The configuration file is also available in torax/examples/iterhybrid_rampup.py.
CONFIG = {
'runtime_params': {
'plasma_composition': {
'main_ion': {'D': 0.5, 'T': 0.5},
'impurity': 'Ne',
'Zeff': 1.6,
},
'profile_conditions': {
'Ip_tot': {0: 3, 80: 10.5},
# initial condition ion temperature for r=0 and r=Rmin
'Ti': {0.0: {0.0: 6.0, 1.0: 0.1}},
'Ti_bound_right': 0.1, # boundary condition ion temp for r=Rmin
# initial condition electron temperature between r=0 and r=Rmin
'Te': {0.0: {0.0: 6.0, 1.0: 0.1}},
'Te_bound_right': 0.1, # boundary condition electron temp for r=Rmin
'ne_bound_right_is_fGW': True,
'ne_bound_right': {0: 0.1, 80: 0.3},
'ne_is_fGW': True,
'nbar': 1,
'ne': {0: {0.0: 1.5, 1.0: 1.0}}, # Initial electron density profile
'Tiped': 1.0,
'Teped': 1.0,
'neped_is_fGW': True,
'neped': {0: 0.3, 80: 0.7},
'Ped_top': 0.9,
},
'numerics': {
't_final': 80,
'fixed_dt': 2,
'ion_heat_eq': True,
'el_heat_eq': True,
'current_eq': True,
'dens_eq': True,
'dt_reduction_factor': 3,
'largeValue_T': 1.0e10,
'largeValue_n': 1.0e8,
},
},
'geometry': {
'geometry_type': 'chease',
'geometry_file': 'ITER_hybrid_citrin_equil_cheasedata.mat2cols',
'Ip_from_parameters': True,
'Rmaj': 6.2,
'Rmin': 2.0,
'B0': 5.3,
},
'sources': {
'j_bootstrap': {},
'generic_current_source': {
'fext': 0.15,
'wext': 0.075,
'rext': 0.36,
},
'pellet_source': {
'S_pellet_tot': 0.0e22,
'pellet_width': 0.1,
'pellet_deposition_location': 0.85,
},
'generic_ion_el_heat_source': {
'rsource': 0.12741589640723575,
'w': 0.07280908366127758,
# total heating (with a rough assumption of radiation reduction)
'Ptot': 20.0e6,
'el_heat_fraction': 1.0,
},
'fusion_heat_source': {},
'qei_source': {},
},
'transport': {
'transport_model': 'qlknn',
'apply_inner_patch': True,
'De_inner': 0.25,
'Ve_inner': 0.0,
'chii_inner': 1.5,
'chie_inner': 1.5,
'rho_inner': 0.3,
'apply_outer_patch': True,
'De_outer': 0.1,
'Ve_outer': 0.0,
'chii_outer': 2.0,
'chie_outer': 2.0,
'rho_outer': 0.9,
'chimin': 0.05,
'chimax': 100,
'Demin': 0.05,
'Demax': 50,
'Vemin': -10,
'Vemax': 10,
'smoothing_sigma': 0.1,
'qlknn_params': {
'DVeff': True,
'avoid_big_negative_s': True,
'An_min': 0.05,
'ITG_flux_ratio_correction': 1,
},
},
'pedestal': {
'pedestal_model': 'set_tped_nped',
'set_pedestal': True,
'Tiped': 1.0,
'Teped': 1.0,
'rho_norm_ped_top': 0.95,
},
'stepper': {
'stepper_type': 'newton_raphson',
'predictor_corrector': True,
'corrector_steps': 10,
'chi_per': 30,
'd_per': 15,
'use_pereverzev': True,
'log_iterations': False,
},
'time_step_calculator': {
'calculator_type': 'fixed',
},
}
Restarting a simulation
In order to restart a simulation a field can be added to the config.
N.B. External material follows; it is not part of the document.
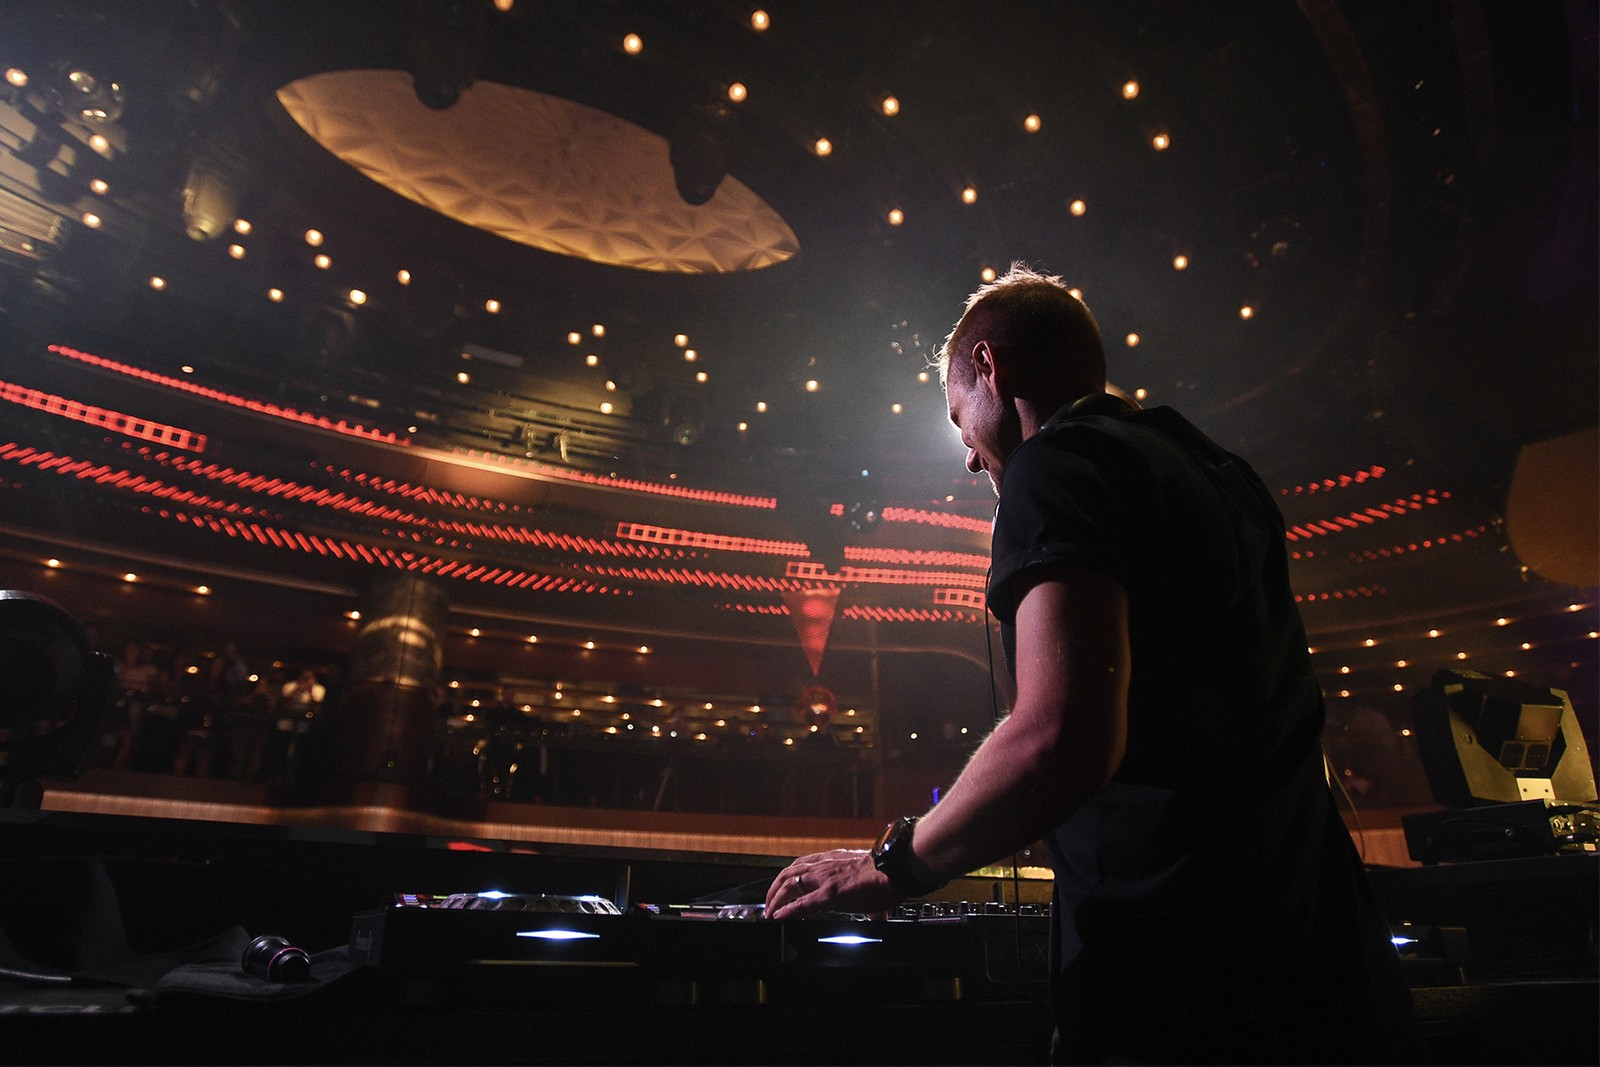 Armin Van Buuren Has an Unfaltering Love for Trance asot 950 jbl fest 2019 live performance partnership interview las vegas nevada a state of trance balance

For example following a simulation in which a state file is saved to
/path/to/torax_state_file.nc, if we want to start a new simulation from the
state of the previous one at t=10 we could add the following to our config:
{
'filename': '/path/to/torax_state_file.nc',
'time': 10,
'do_restart': True, # Toggle to enable/disable a restart.
# Whether or not to pre"stitch" the contents of the loaded state file up
# to `time` with the output state file from this simulation.
'stitch': True,
}
The subsequence simulation will then recreate the state from t=10 in the
previous simulation and then run the simulation from that point in time. For
all subsequent steps the dynamic runtime parameters will be constructed using
the given runtime parameter configuration (from t=10 onwards).
If the requested restart time is not exactly available in the state file, the simulation will restart from the closest available time. A warning will be logged in this case.
We envisage this feature being useful for example to:
restart a(n expensive) simulation that was healthy up till a certain time and then failed. After discovering the issue for breakage you could then restart the sim from the last healthy point.
do uncertainty quantification by sweeping lots of configs following running a simulation up to a certain point in time. After running the initial simulation you could then modify and sweep the runtime parameter config in order to do some uncertainty quantification.